Ela acredita que os movimentos idiossincráticos são poderosos por expressarem os aspectos menos conhecidos da personalidade e só podem ser reconhecidos pela repetição. Os padrões ou qualidades de movimento refletem a natureza complexa e única dos indivíduos.

Para ilustrar o reconhecimento de padrão, a terapeuta apresenta o exemplo de uma de suas clientes: durante dias de trabalho, a paciente percebia suas mãos tensas. Quanto mais ela tentava relaxar, mais tensas elas ficavam. A terapeuta propôs, então, que a cliente deixasse suas mãos dançarem livremente. Dessa dança surgiu um movimento de recolher e esticar braços e ombros, como um “ir embora”, “afastar-se”. Em seguida, a cliente se deu conta de como ela “sempre fora claustrofóbica”. (Ibid. 1999, p. 126).

É interessante observar, a partir do relato, que a paciente não foi sugestionada ou dirigida por nenhuma imagem da terapeuta; apenas foi solicitado que ela se atentasse ou desse movimento ao que estava acontecendo com suas mãos naquele momento. A partir de então, surgiu um dado antigo, porém, ainda não conhecido. Se há sugestão, não há elaboração. Assumimos uma escuta, ou um olhar, para descrever o acontecimento, sendo que ele guarda algo que não sabemos.

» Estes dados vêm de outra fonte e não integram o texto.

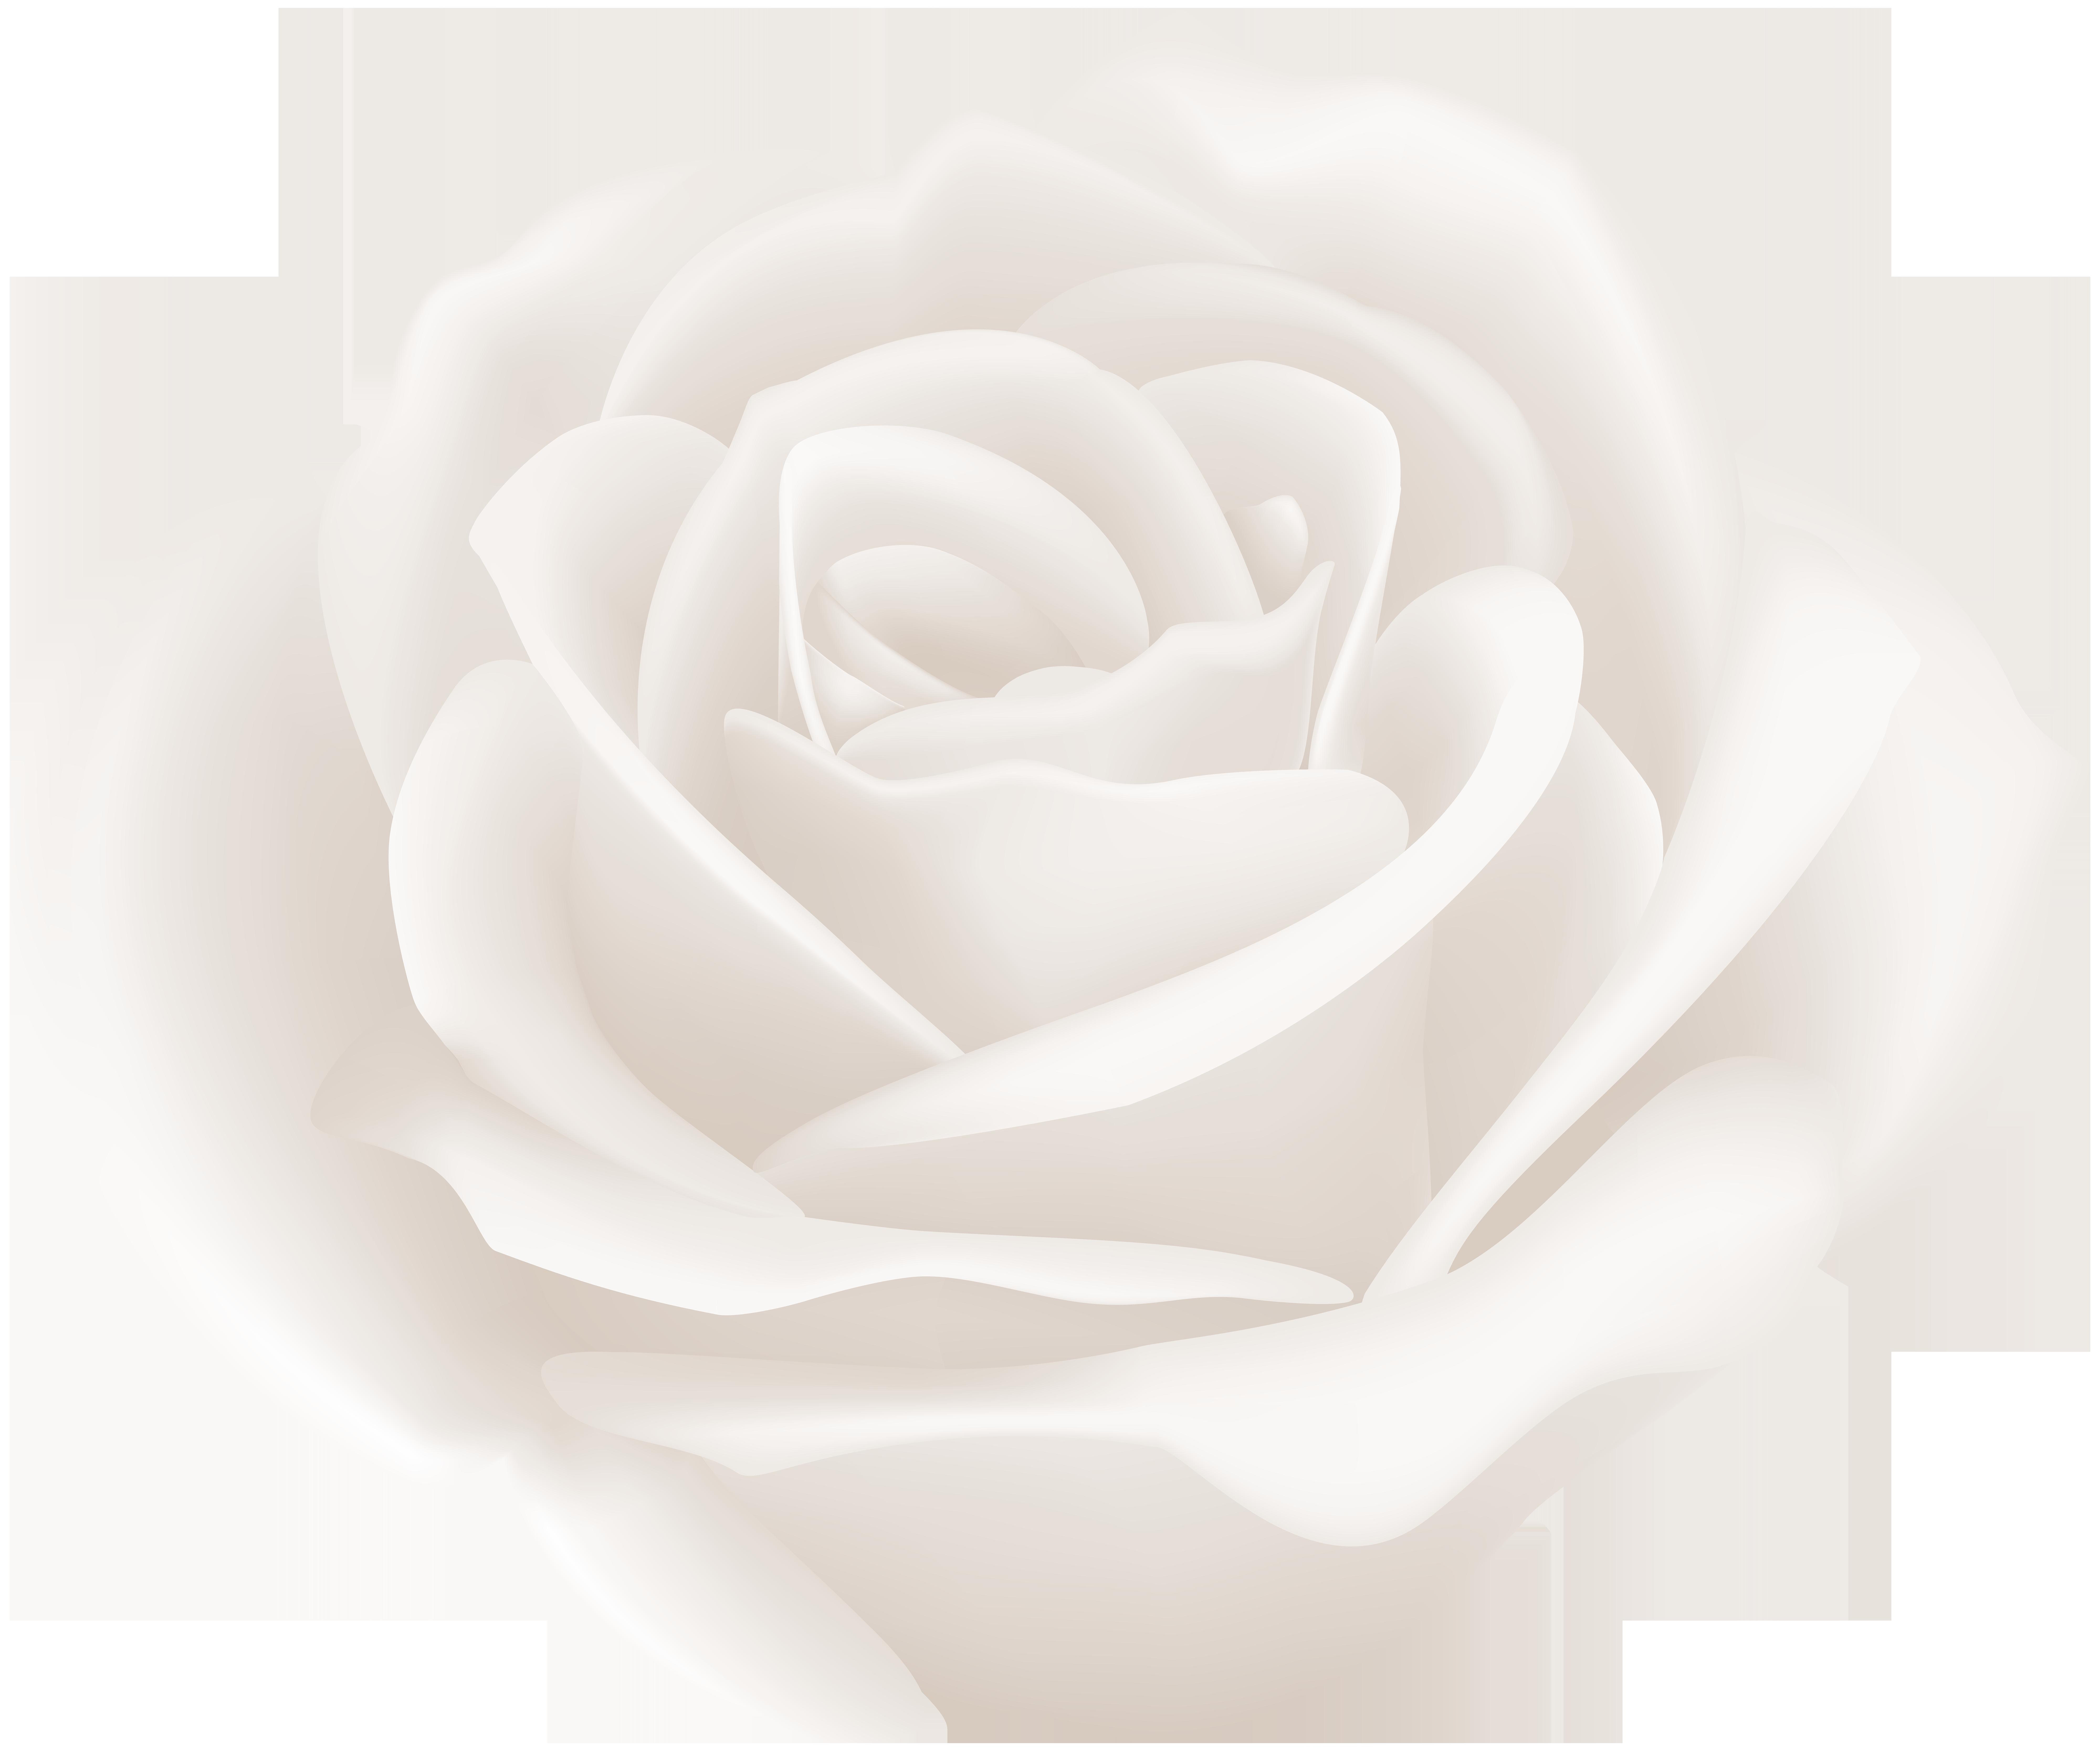 White Rose Clip Art Image.

Não há analogia entre o conteúdo latente e o manifesto. O trabalho analítico faria as imagens circularem entre os dois, a fim de elaborar a experiência que, em si, é inacessível.

As autoras também sugerem uma aproximação da experiência do Movimento Autêntico às experiências místicas. Primeiro, pelo papel central que o corpo tem em ambas, uma vez que é nele que se dá a transformação; além da característica de serem experiências transcendentais ou numinosas, ou seja, operadas por algo maior que o ego (ADLER in PALLARO, 1999, p. 172).

Chodorow (1999) considera que, apesar do interesse e entendimento de Jung sobre as influências das experiências corporais nos processos criativos, a real importância do corpo ainda não foi reconhecida pela Psicologia Analítica. Ela considera que a experiência da dança-movimento, na análise, é uma ponte para as experiências precoces dos estágios pré-verbais de desenvolvimento.

A autora separa cinco eventos simbólicos que normalmente aparecem nos processos individuais de dança: 1. padrões urobóricos de acolhimento próprio; 2. busca da testemunha e, com isso, um sorriso de reconhecimento; 3. risadas e próprio reconhecimento; 4. desaparecer e aparecer e 5. engajamento no processo simbólico, via imaginação livre, usando mímica.

No entanto, ela julga mais importante do que os padrões de desenvolvimento da libido a questão de como o terapeuta pode engajar inteiramente a imaginação no processo terapêutico. A autora insiste em questões como: Como esse corpo existe? Quais suas fantasias de como poderia ser o corpo? E principalmente: Quais as possibilidades de imaginar “com” e “sobre” o corpo?

Guiados por estas últimas questões ficamos com a potência do corpo e do movimento como possibilidades de investigação psicológica, na medida em que instaura uma experiência para além do ego e dos limites já conhecidos.